Che fare dunque? “A mio parere una strada utile da percorrere, quello che sto tentando di fare, è quella di recuperare una lettura storica in cui raccontare che i neri in Italia c’erano e quelli che ci sono oggi non sono ospiti: chi lo sa, ad esempio, che il Granduca di Toscana era meticcio?”.
L’esperto – Che razza di libri!
Mauro Valeri, sociologo e psicoterapeuta, ha concentrato i suoi studi sui fenomeni del razzismo e della xenofobia, in particolare nei legami col mondo dello sport. Ha diretto l’Osservatorio sulla Xenofobia dal 1992 al 1996, e dal 2005 è responsabile dell’Osservatorio su Razzismo e Antirazzismo nel Calcio.

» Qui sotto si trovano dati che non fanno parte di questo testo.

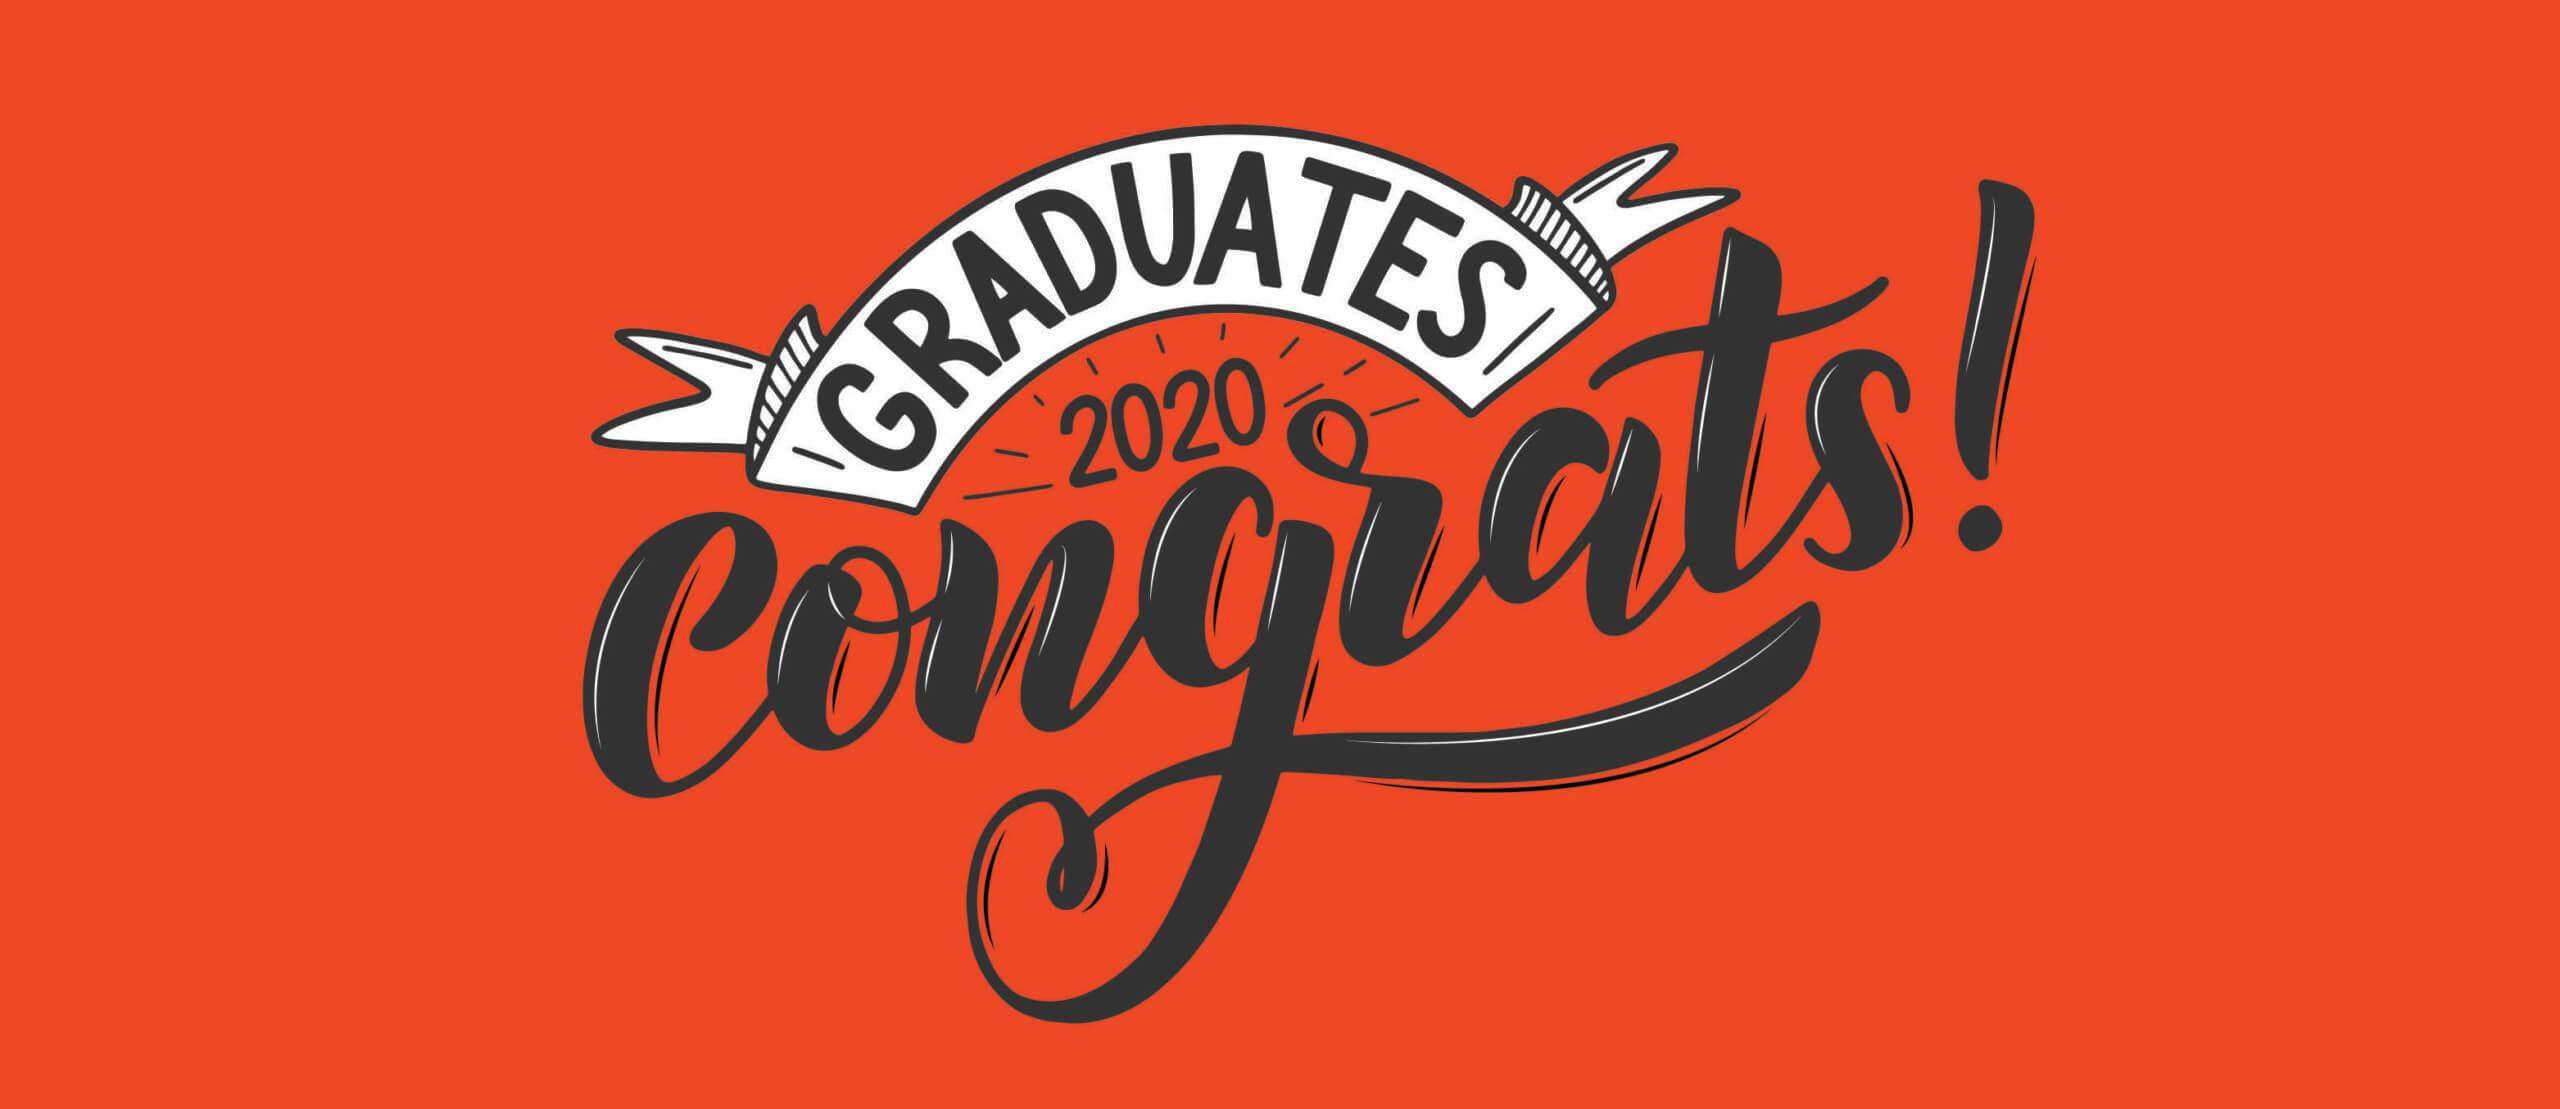 """Congrats 2020 Graduates"" script on a orange background"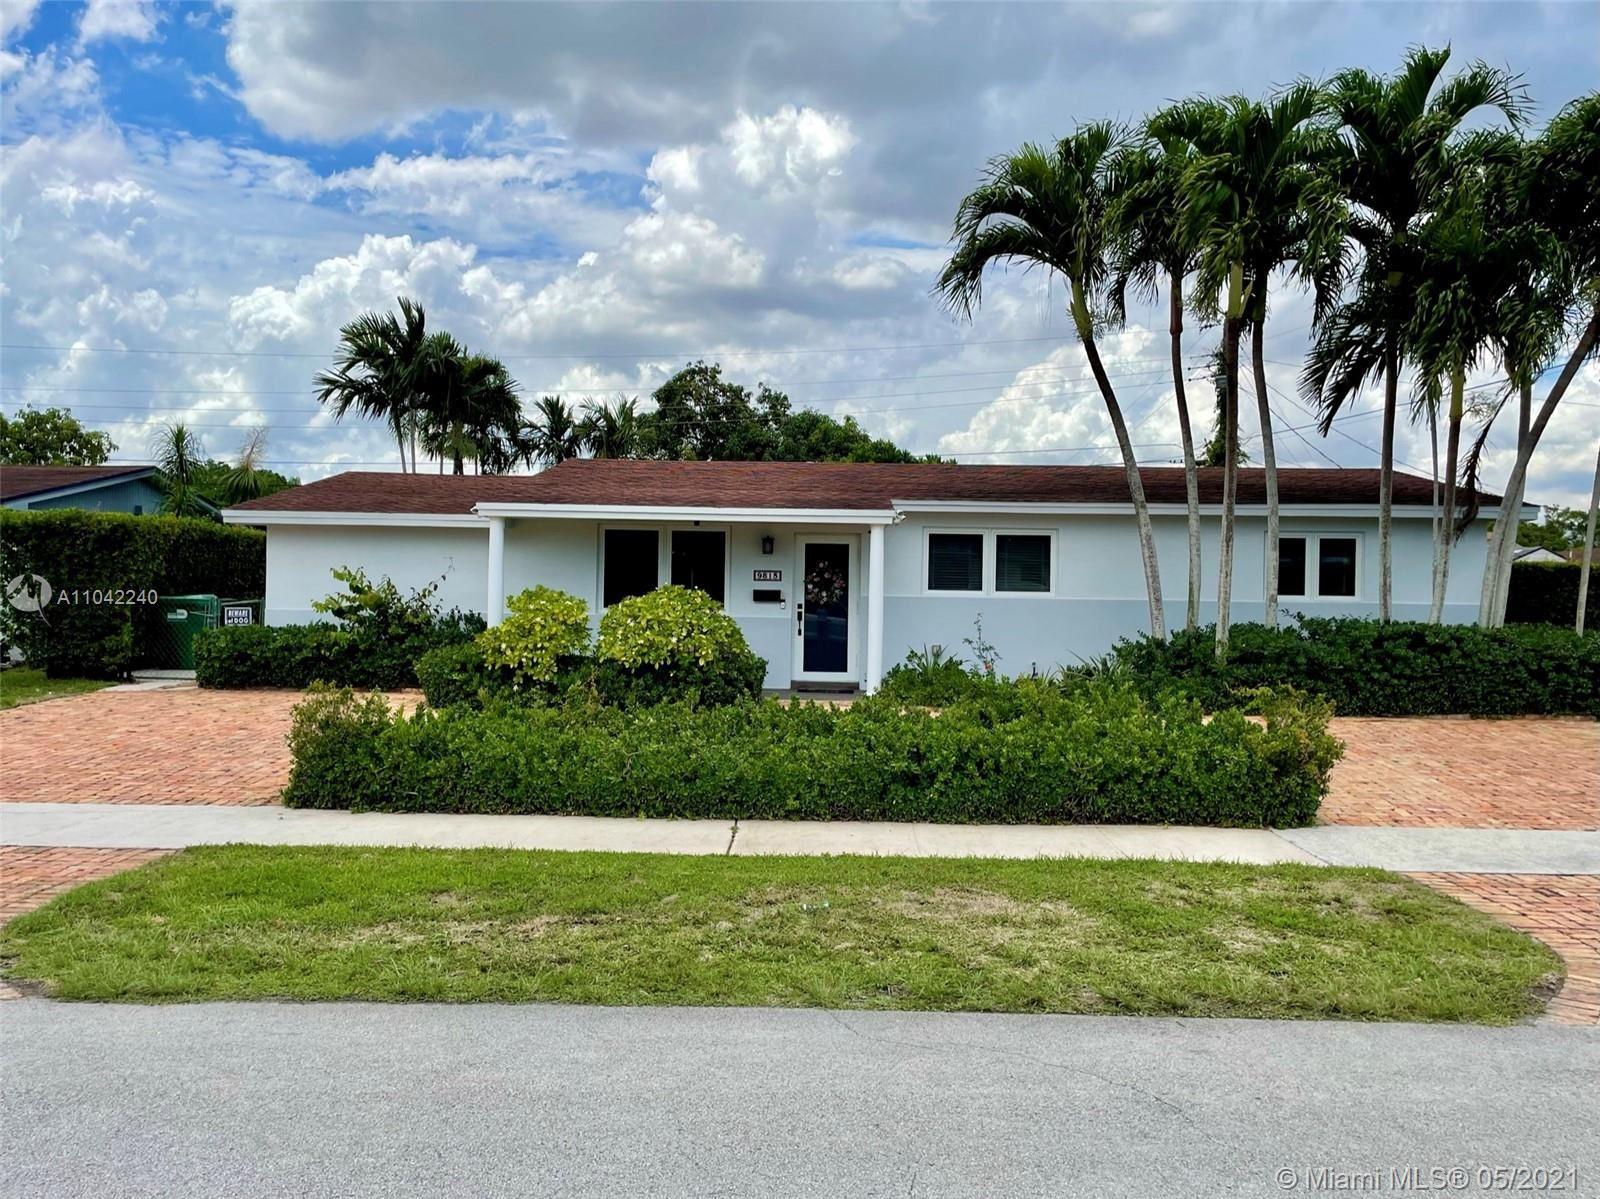 9815 SW 83rd St, Miami, FL 33173 - #: A11042240

Ha insegnato Sociologia delle Relazioni Etniche all’Università La Sapienza di Roma. Ha pubblicato diversi saggi sul tema del razzismo, tra cui: “La razza in campo. Per una storia della rivoluzione nera nel calcio” (Edup, 2005); “Black Italians. Italiani neri in maglia azzurra” (Palombi, 2007); “Nero di Roma. Storia di Leone Jacovacci, l’invincibile mulatto italico” (Palombi, 2008);
“Che razza di tifo. Dieci anni di razzismo nel calcio italiano” (Donzelli, 2010); “Stare ai Giochi. Olimpiadi tra discriminazioni e inclusioni” (Odradek, 2012); “Mario Balotelli. Vincitore nel pallone” (Fazi, 2014); con Mohamed Abdalla Tailmoun e Isaac Tesfaye, “Campioni d’Italia? Sport e seconde generazioni” (Sinnos, 2014);
“Il generale nero. Domenico Mondelli: bersagliere, aviatore eardito” (Odradek, 2015), “A testa alta verso l’Oriente eterno. Liberi muratori nella Resistenza romana” (Mimesis, 2017).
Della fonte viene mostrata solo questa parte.